Peripheral vascular “tone” plays an important role in blood pressure due to its contribution to venous return, or “preload,” to the heart. Under normal conditions, 80% of circulating blood volume on a moment-to-moment basis is in the veins. When regional and local control mechanisms are disturbed due to disease or drug administration, regional maldistribution of blood volume favors blood pooling in the veins (due to decreased SVR) which reduces venous return to the heart. As venous return diminishes, blood volume ejected per cardiac cycle (SV) is reduced. Vasopressors increase vascular tone and reduce capacitance, thereby mobilizing sequestered volume and restoring venous return (preload) to the heart. The net effect is to improve cardiac performance and increase blood pressure values. One additional factor contributing to low venous return is loss of the “thoracic pump” mechanism. Pressure changes in the thorax generated during normal breathing facilitate venous return to the heart. Clinical conditions that disrupt thoracic integrity (hemothorax, pneumothorax, pneumomediastinum) impair venous return by reducing blood flow in the great veins and creating right ventricular free wall compression reducing chamber volume. Similar effects are noted when using positive pressure ventilation (PPV). PPV produces positive intrathoracic pressure during inspiration which is maintained during expiration. Thus, intrathoracic pressure does not reach subatmospheric level at any point in the respiratory cycle which reduces venous return, decreases right ventricular chamber size due to free wall compression and lowers blood pressure.

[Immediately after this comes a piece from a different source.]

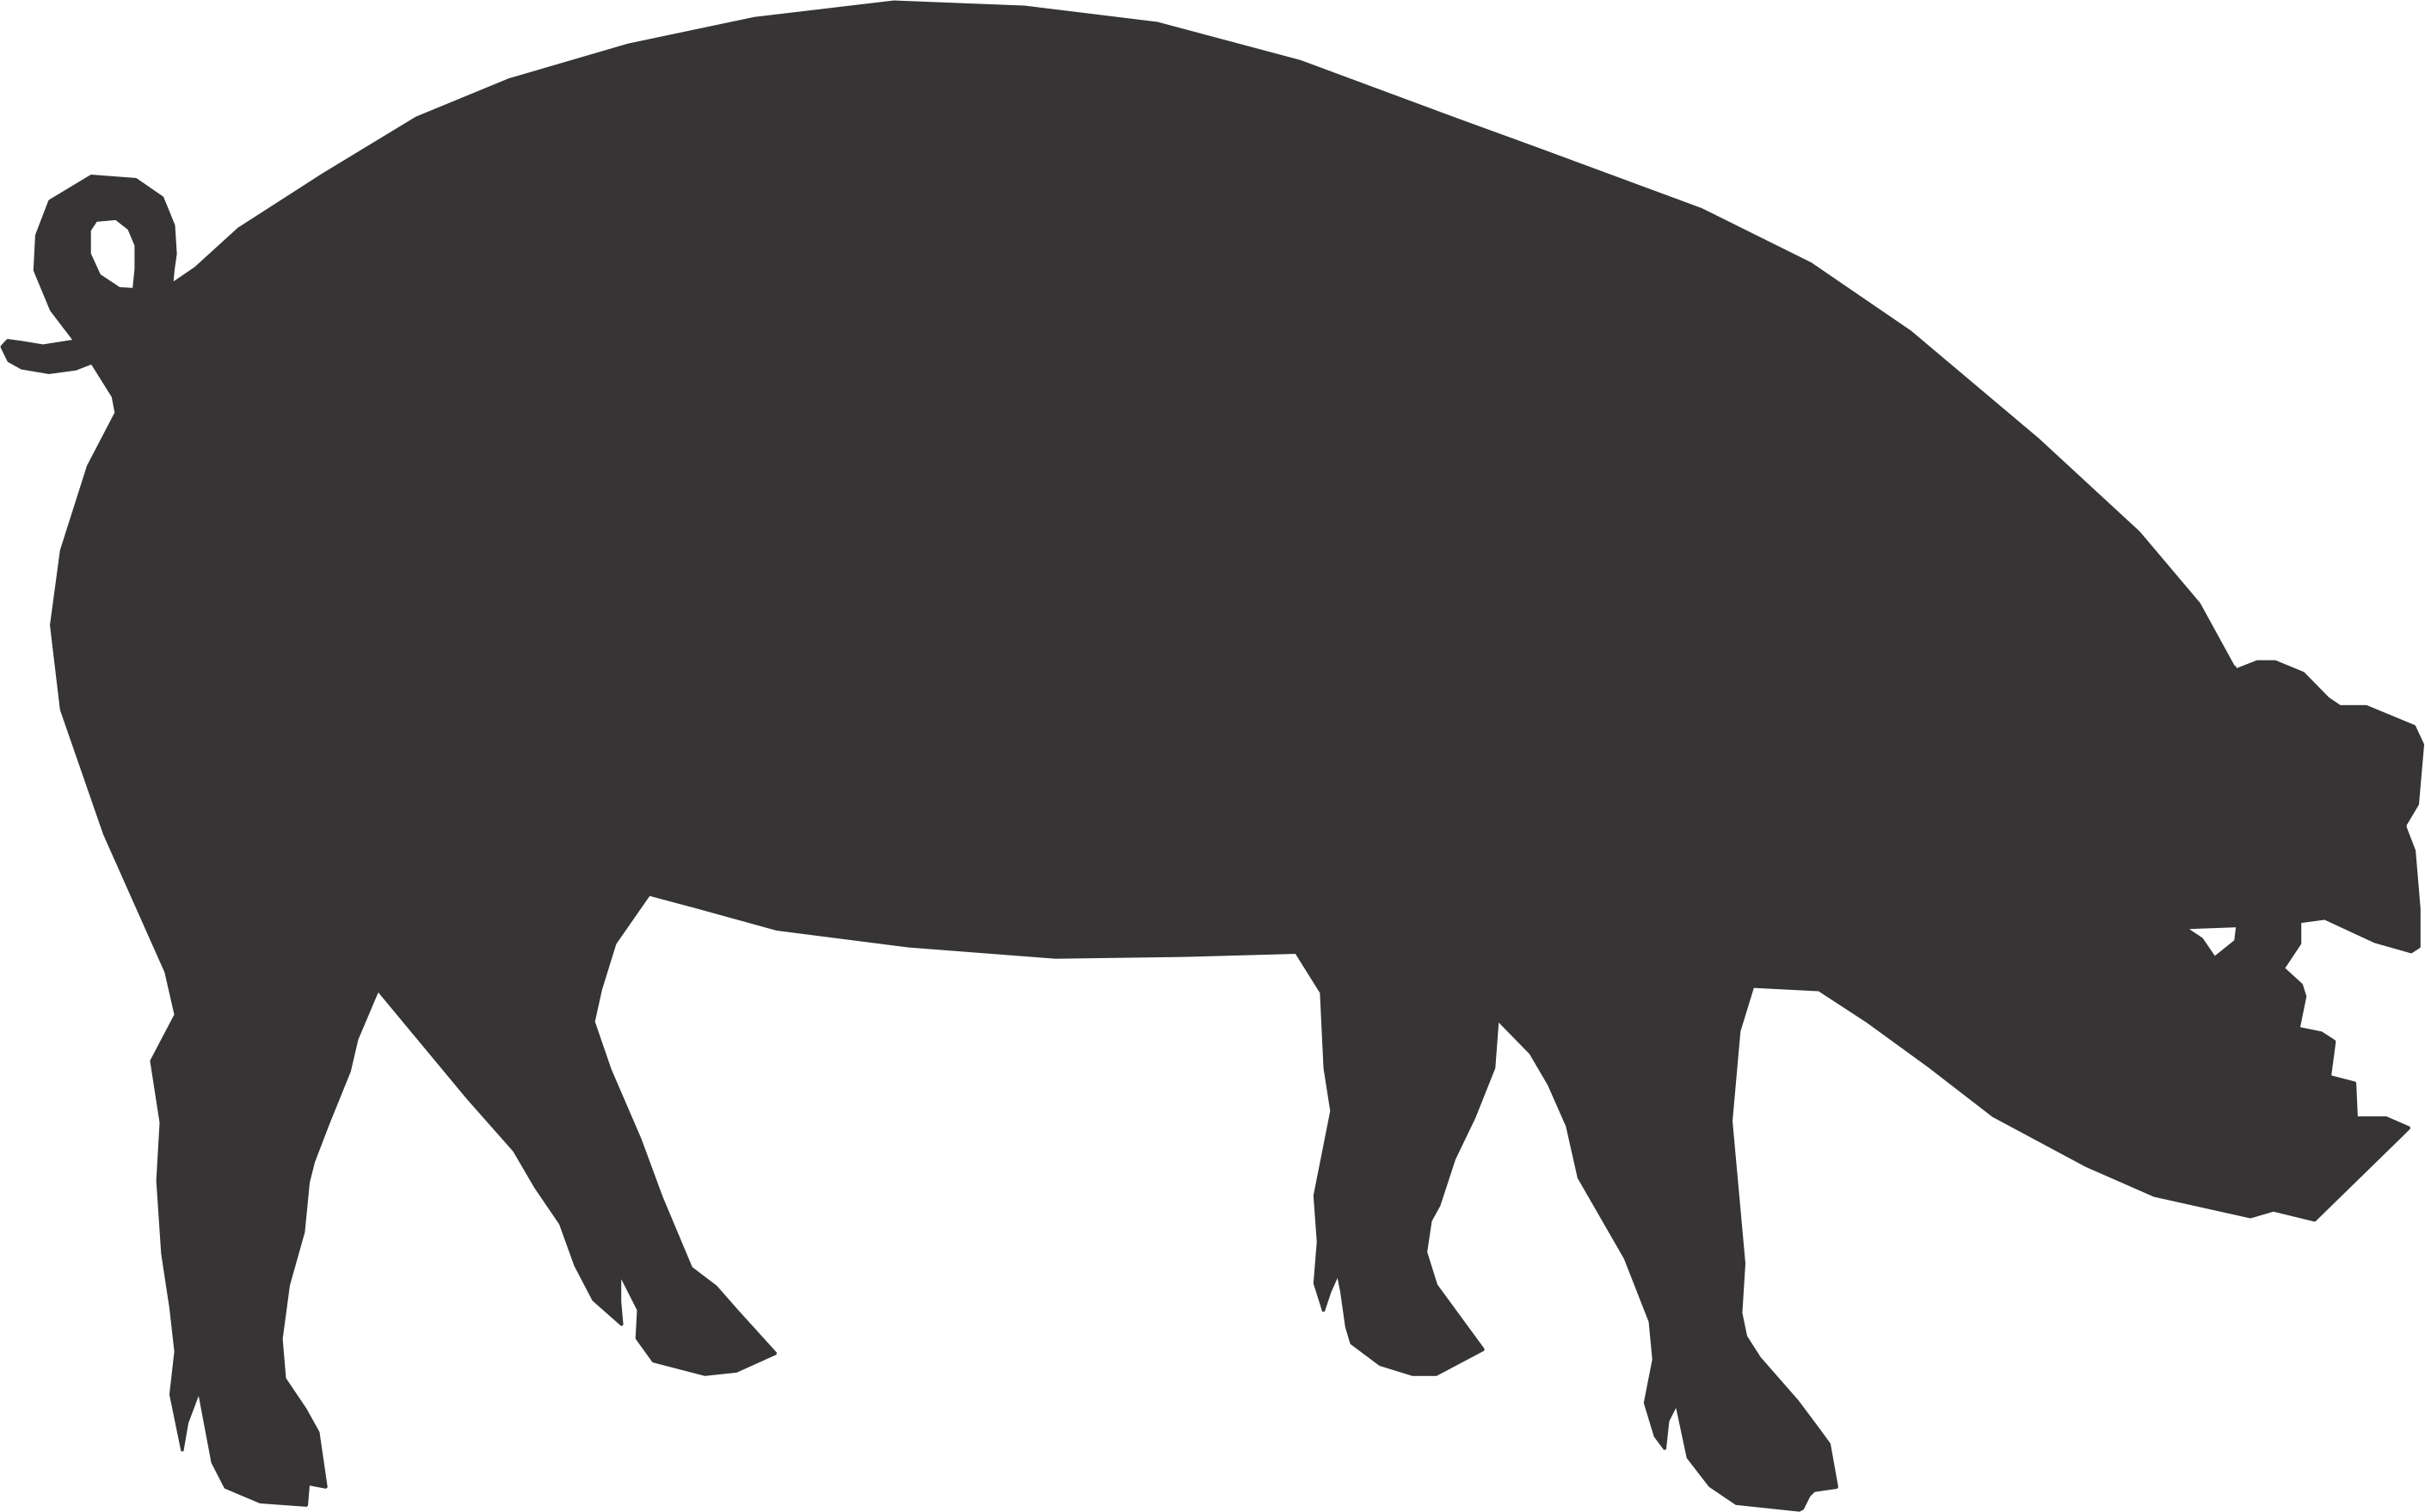 pig silhouette clip art - Pig Silhouette Clip Art

Vasopressor Physiology and Mechanism of Action

All drugs exert their effect by interacting with intrinsic cell surface receptors in select tissues. For vasopressors, the key interaction of the drug molecule is with the alpha 1 receptor found on vascular smooth muscle. Activating this receptor evokes an intracellular second messenger response in vascular smooth muscle producing contraction and reducing vessel size (vasoconstriction). Most of the therapeutic response to vasopressor drugs is attributed to the venous side of the circulation. Venous vasoconstriction and return of “pooled” blood trapped in regional veins to core venous return to the heart is our goal. By augmenting venous return, we can increase cardiac output by augmenting “preload.” This, in turn, increases systemic blood pressure.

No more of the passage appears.